=== EXERCISE DATA ===

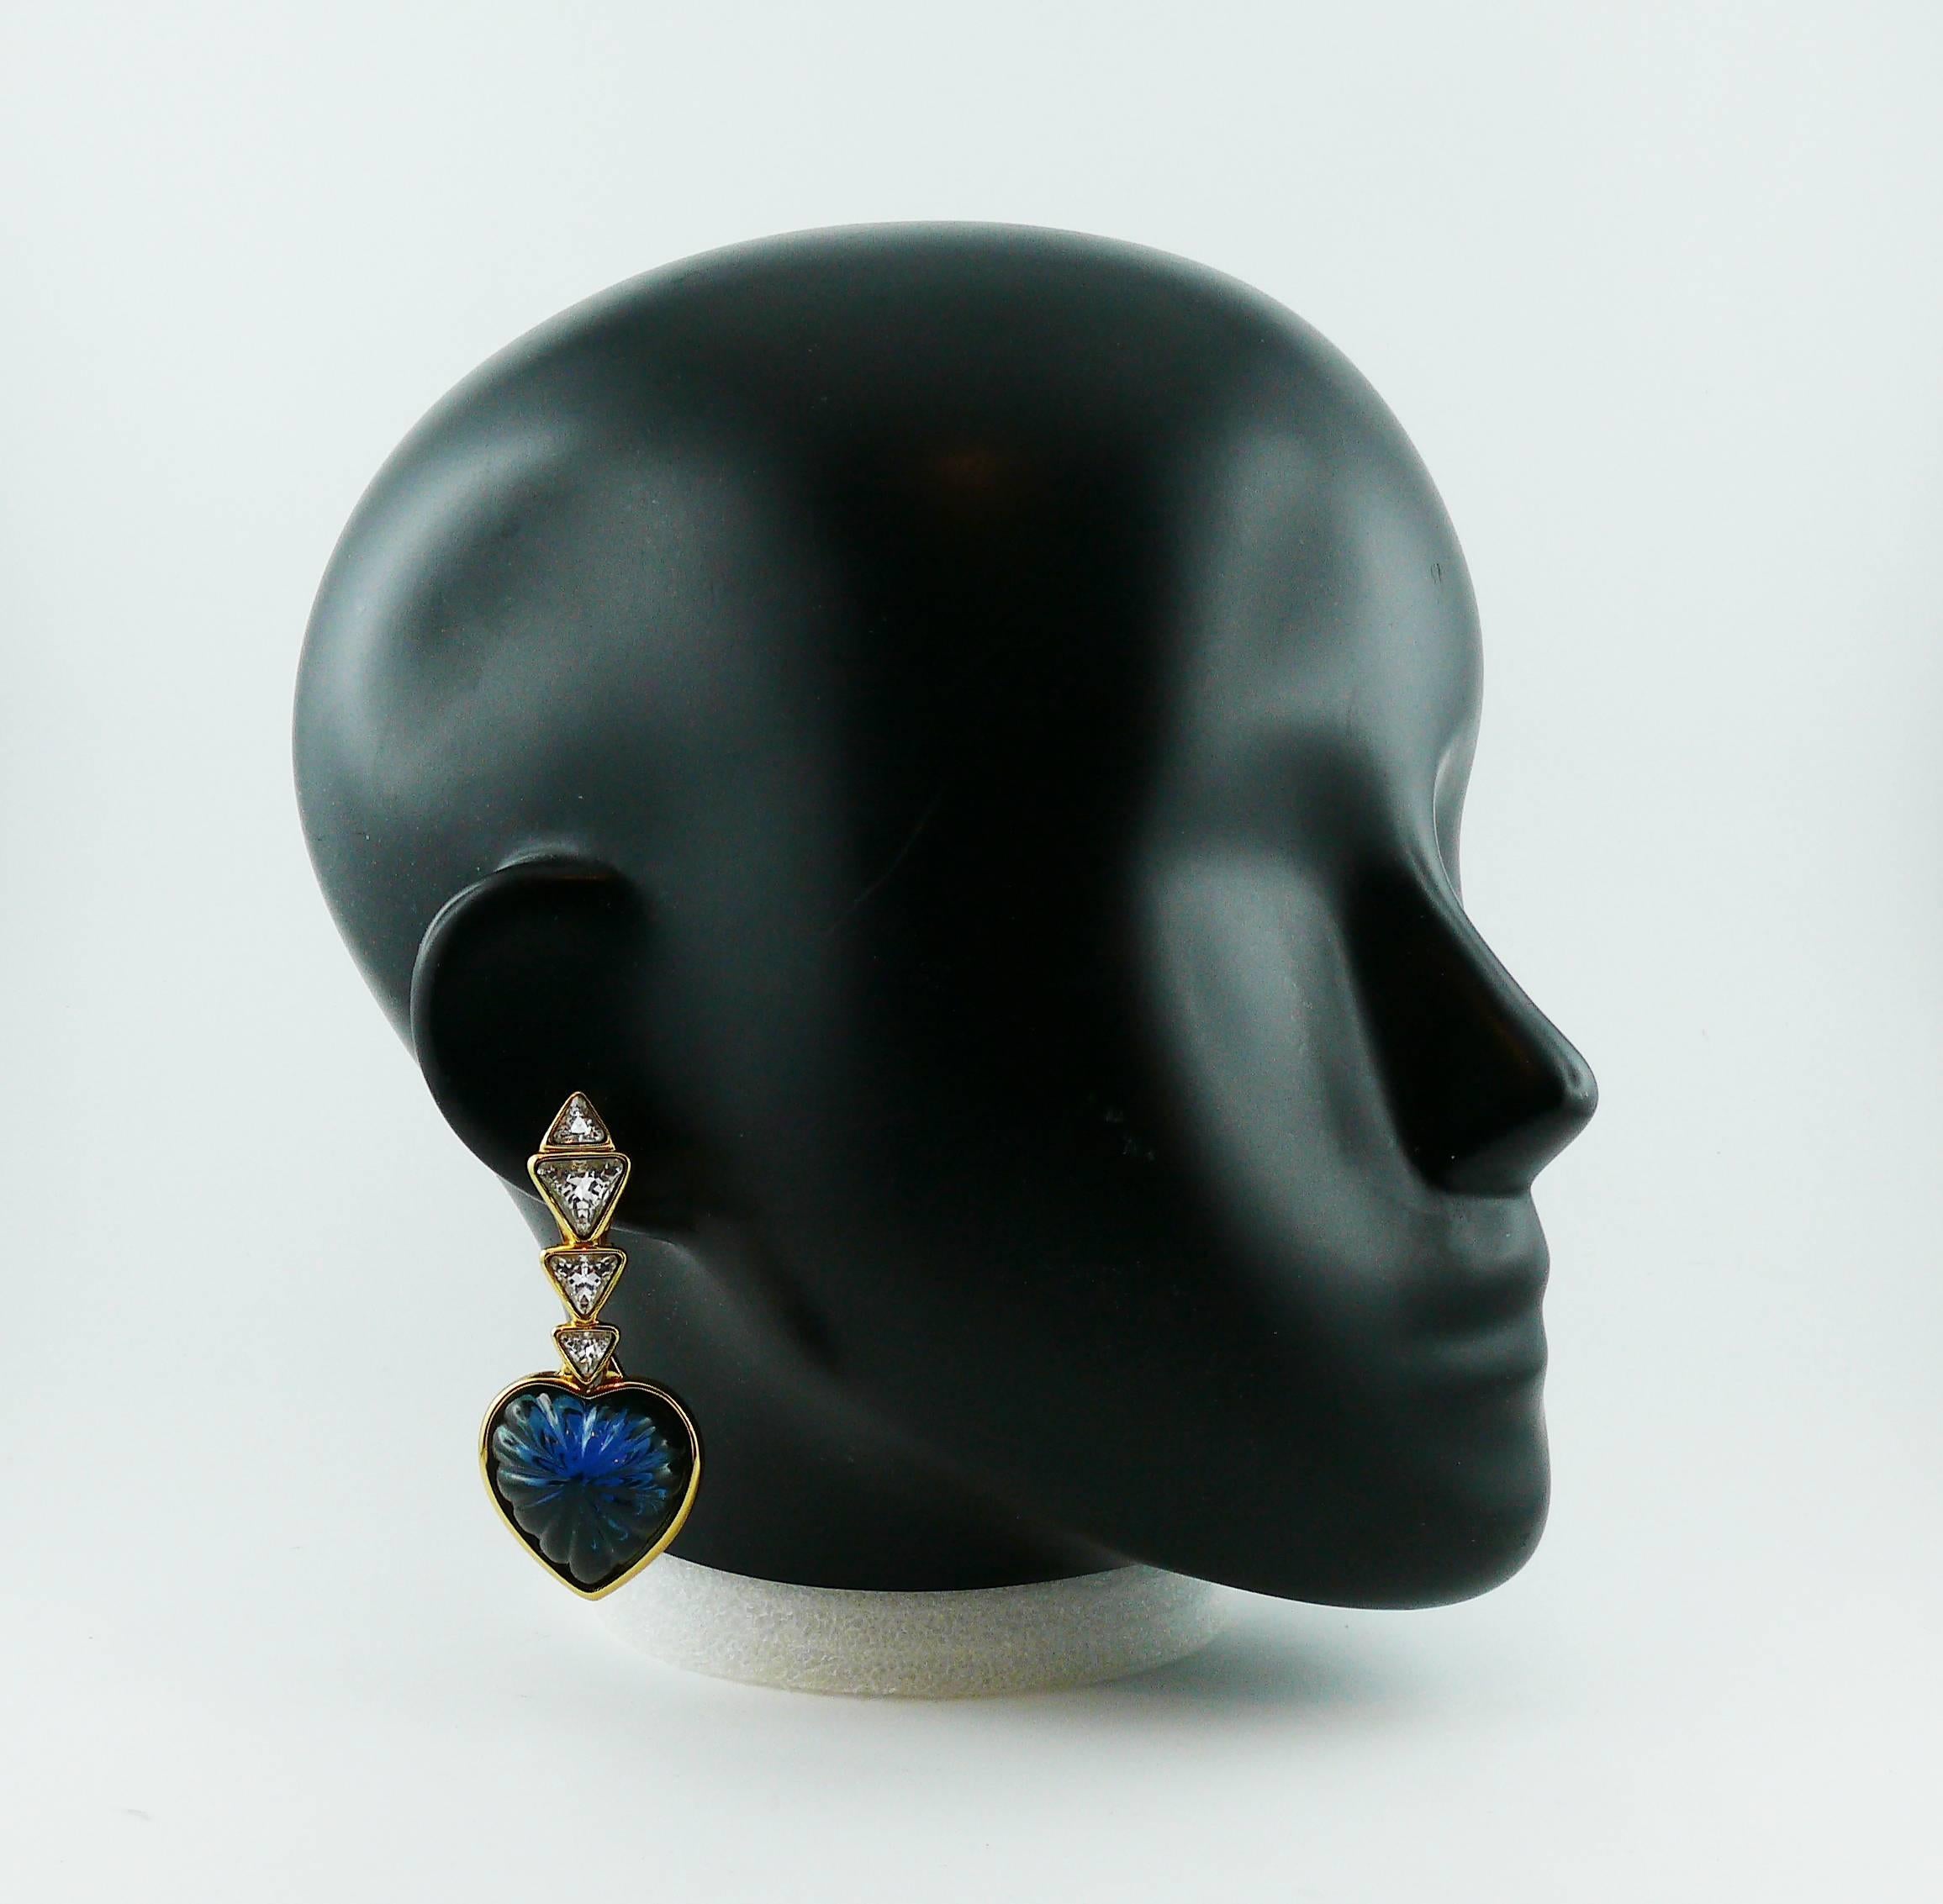 YVES SAINT LAURENT vintage dangling earrings (clip-on) featuring a massive faux sapphire resin heart and clear crystals in a gold toned setting.

Marked YSL Made in France.

Indicative measurements : height approx. 6.7 cm (2.64 inches) / max. width
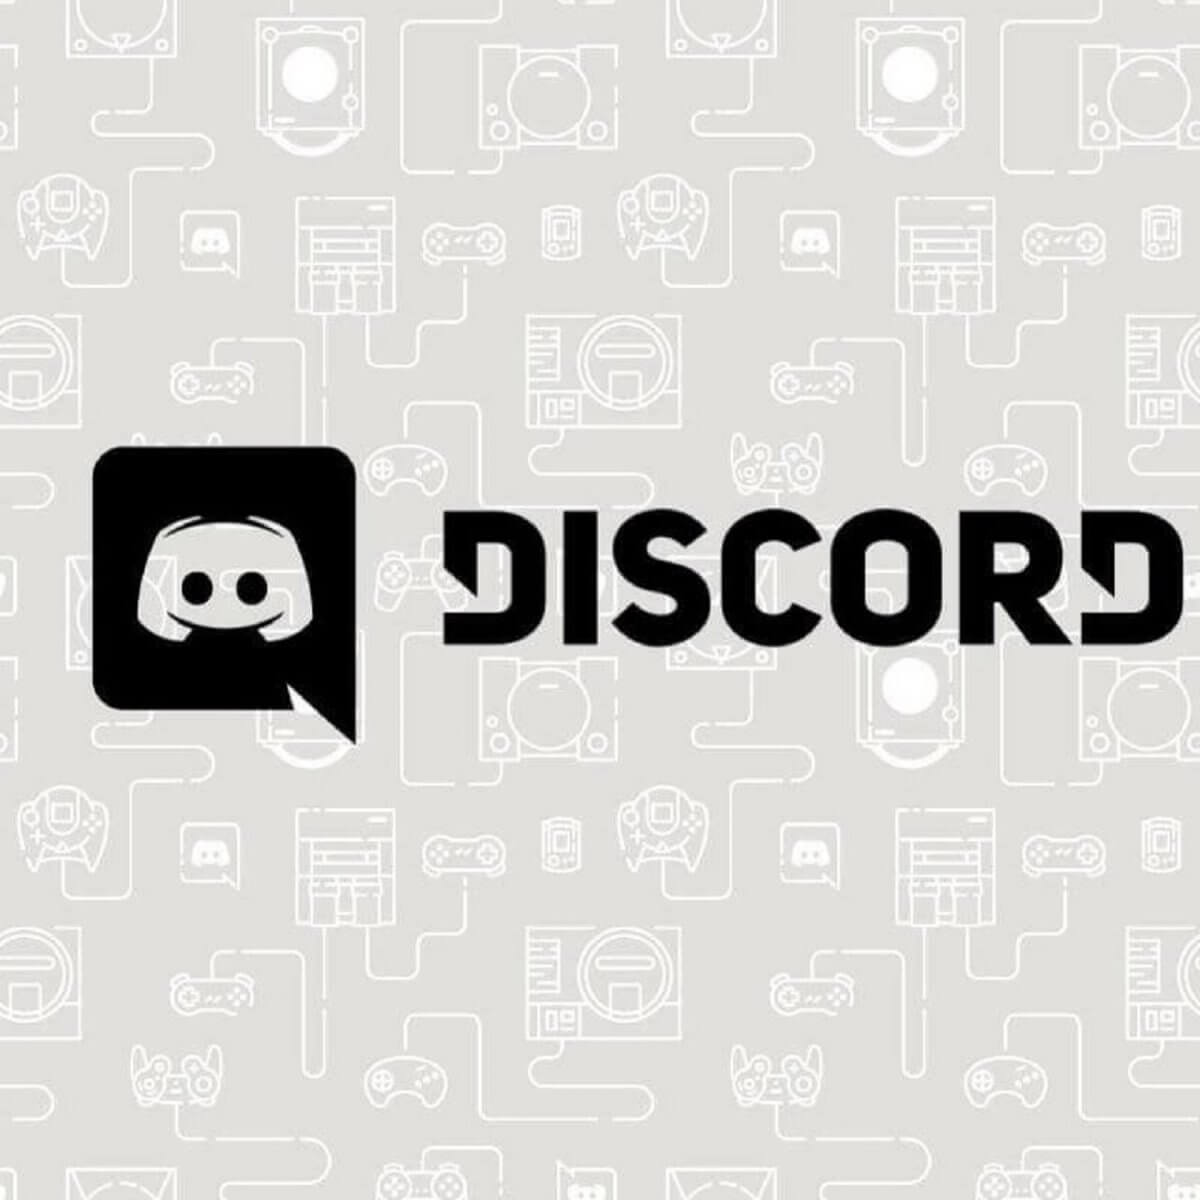 Discord Audio Keeps Cutting Out Try These Quick Methods

===

■ **WHAT TO DO**
Omit any images, then output the listing exactly.

■ **EXPECTED ANSWER**
 YVES SAINT LAURENT vintage dangling earrings (clip-on) featuring a massive faux sapphire resin heart and clear crystals in a gold toned setting.

Marked YSL Made in France.

Indicative measurements : height approx. 6.7 cm (2.64 inches) / max. width
 Discord Audio Keeps Cutting Out Try These Quick Methods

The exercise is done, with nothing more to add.